Fourth in a series with puzzle solving tips. This time, basic steps to get through Cave puzzles.
While I’ve already written a good description of solving Cave (Corral) puzzles for the USPC, I’ve never drawn up some of the steps for more visual solvers. This week I hope to fix that by highlighting one of the more fundamental logic steps behind these puzzles.
In that post, I mentioned the importance of big/small numbers, and having exit paths for the non-cave cells. And I also brought up what I call the “Anti-Checkerboard” rule, which is a fundamental requirement of the shaded regions to ensure they do not have enclosures. Consider if a 2×2 square had opposite corners inside the cave and outside the cave.
The two cave squares must connect, which can happen somehow around the upper-left, or somehow around the lower-right. Both options will trap one of the pink/non-cave cells. In other words, you can never have a 2×2 checkerboard. So, whenever you have shaded three of the cells in such a square with an in/out/in or out/in/out pattern, you should instantly know how the last of the four is treated.
This is an important rule to apply in the puzzles this week, particularly with diagonally adjacent clues. In the “23″ puzzle, for example, every 2 must extend its cave segment towards the diagonally adjacent clue or else strand non-cave cells inside the loop. Just using the anti-checkerboard rule will quickly mark all the cells in pink as not part of the cave.
Then big/small numbers become useful again. The 14 has only 15 cells left, so all but 1 of the cells in each direction can be marked as part of the cave. I like drawing straight lines for the cave as shown in this image. Notice that as the cave extends close to smaller numbers, particularly the 2′s, you learn new cells that cannot be part of the cave.
Continuing farther will get you to about this step.
Here there are two more cave lessons to be learned. First, on the left, you’ll see an 8 and 10 vertically connected. Whenever two numbers are connected but one is larger, there must be at least that many more cells going perpendicular to the connection. In this case, 2 more cells must go left/right from the 10 than from the 8, but with only 2 cells to go there is a single option for the 10/8 pair. This is not very hard to see here, but is important to realize across all cave puzzles which is why I bring it up.

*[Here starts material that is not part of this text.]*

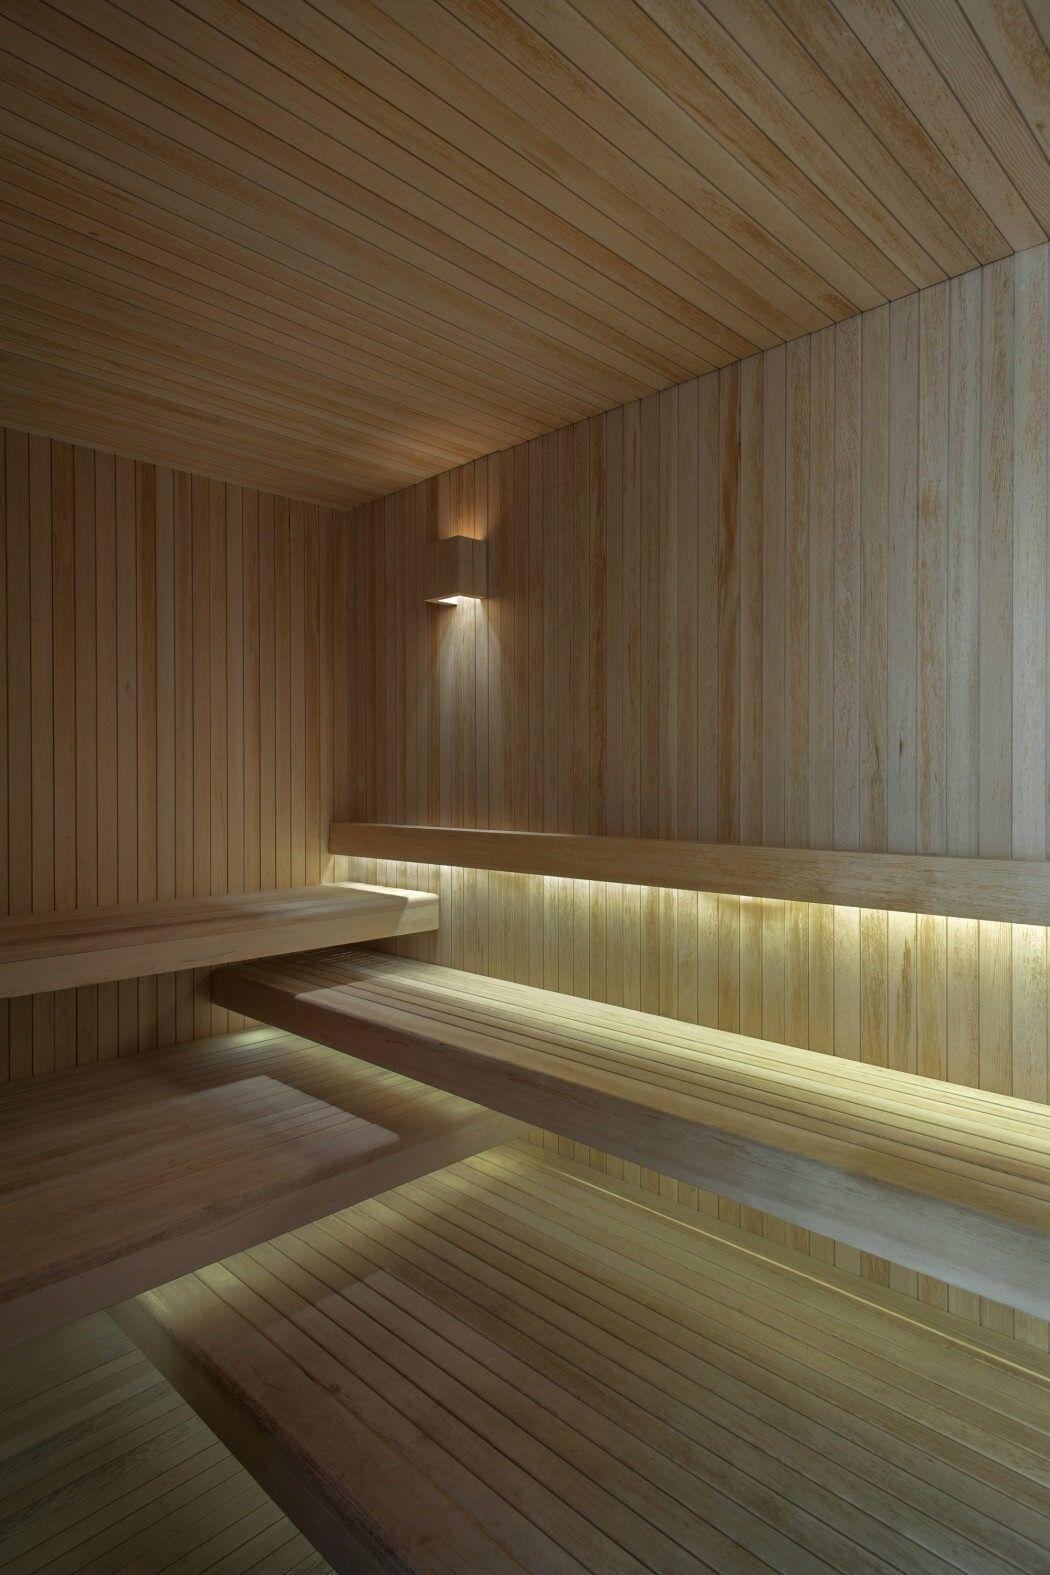 les 25 meilleures id es de la cat gorie spa sauna sur pinterest. Black Bedroom Furniture Sets. Home Design Ideas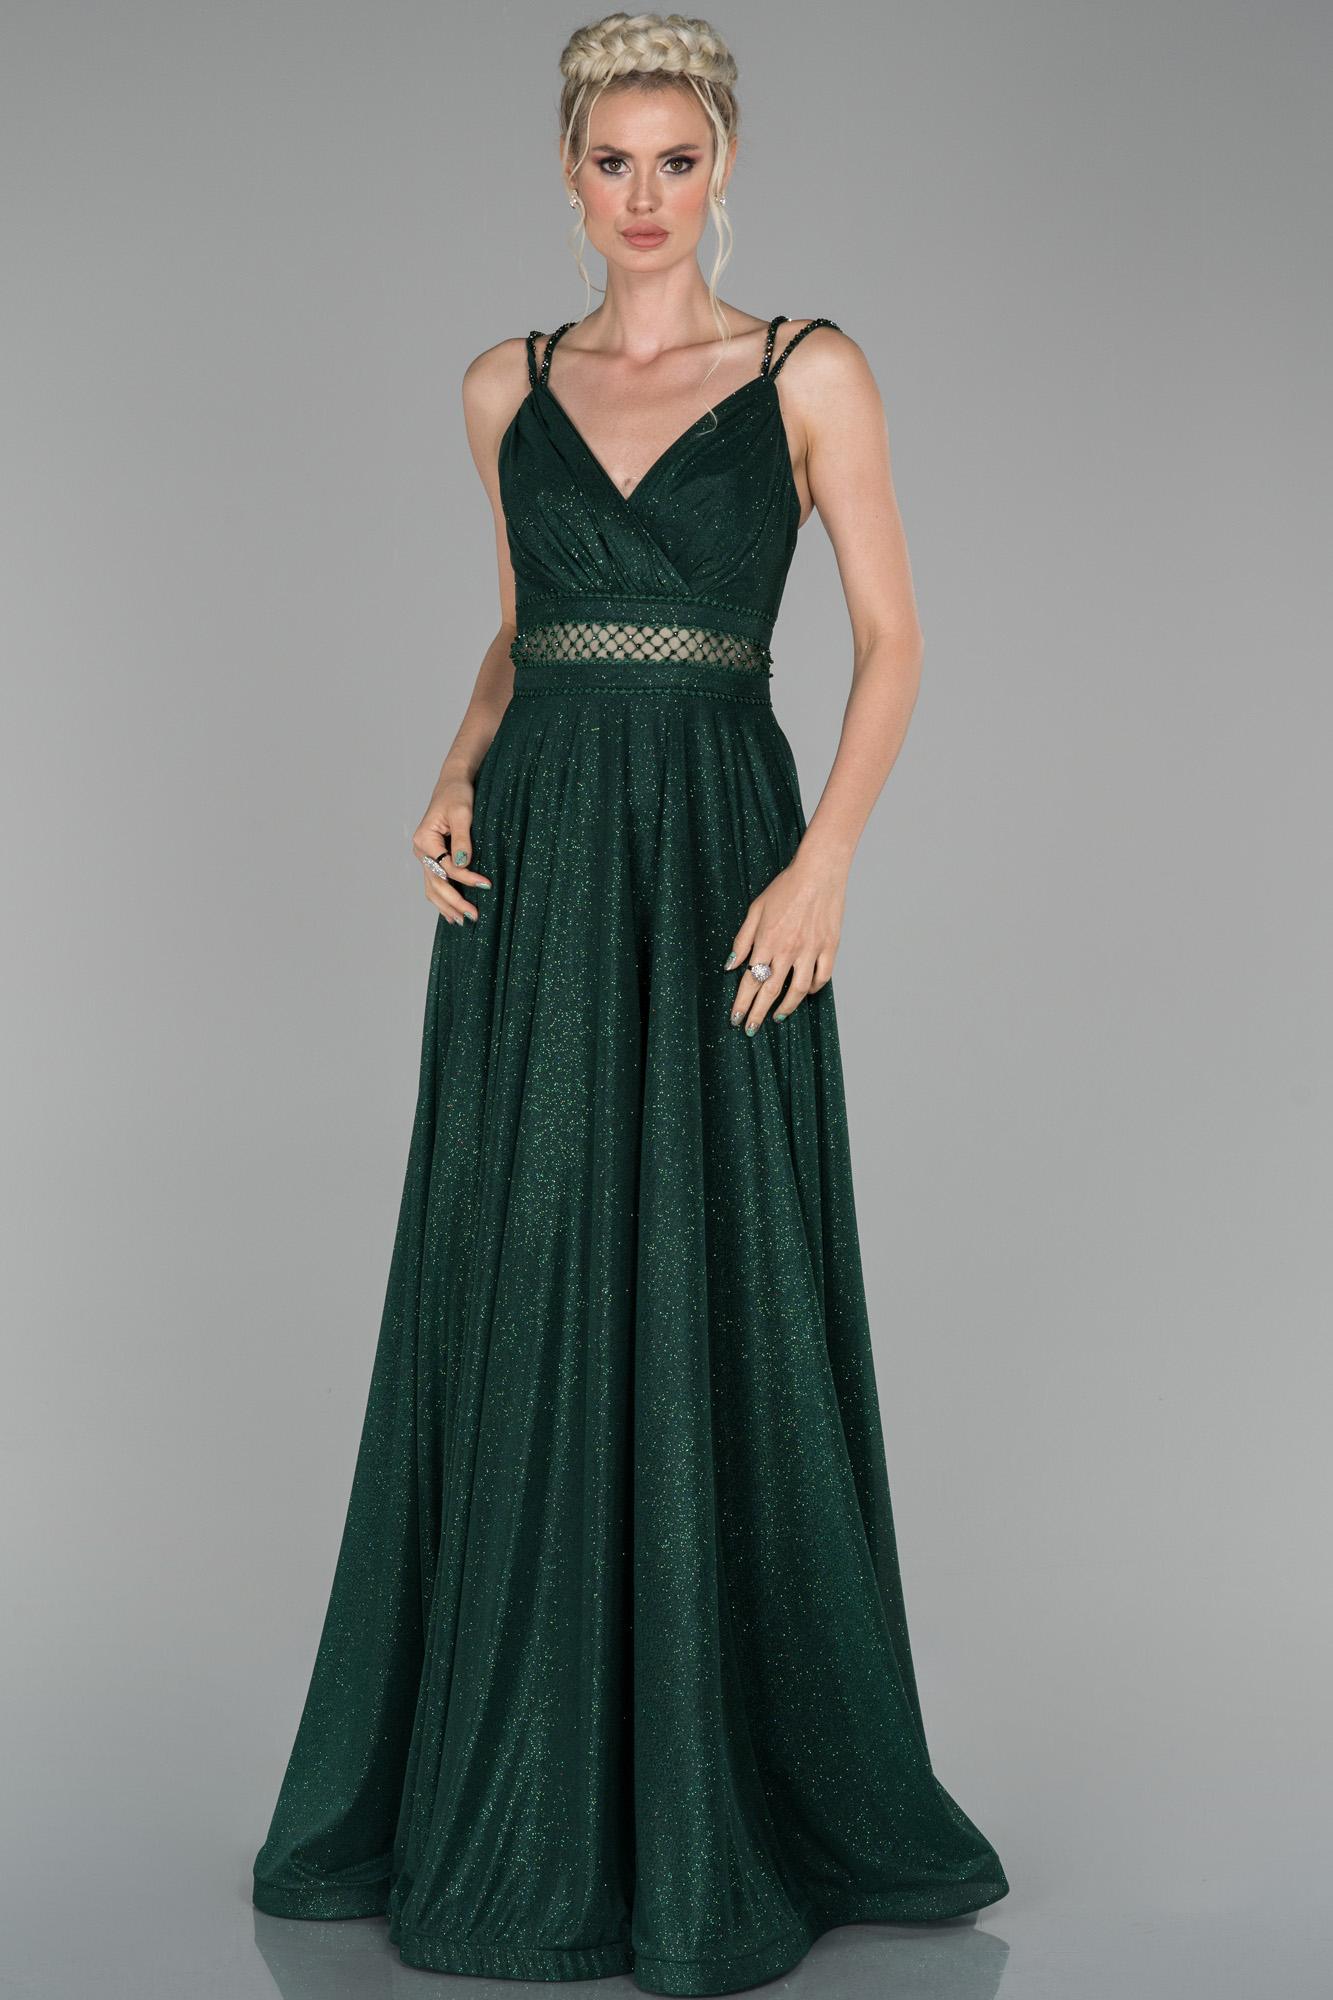 Zümrüt Yeşili Uzun Kruvaze Yaka Ip Askılı Abiye Elbise

The more interesting deduction is what I’ll call a second-order application of “anti-checkerboard”. Look at the 5 in blue. If it extended to the right into the blue cells, it would mark the first as part of the cave, and the second as outside the cave. It would form a 2×2 checkerboard. So the 5 must go down and not to the right for its last cell. Getting better at catching these situations will speed up your Cave solving times.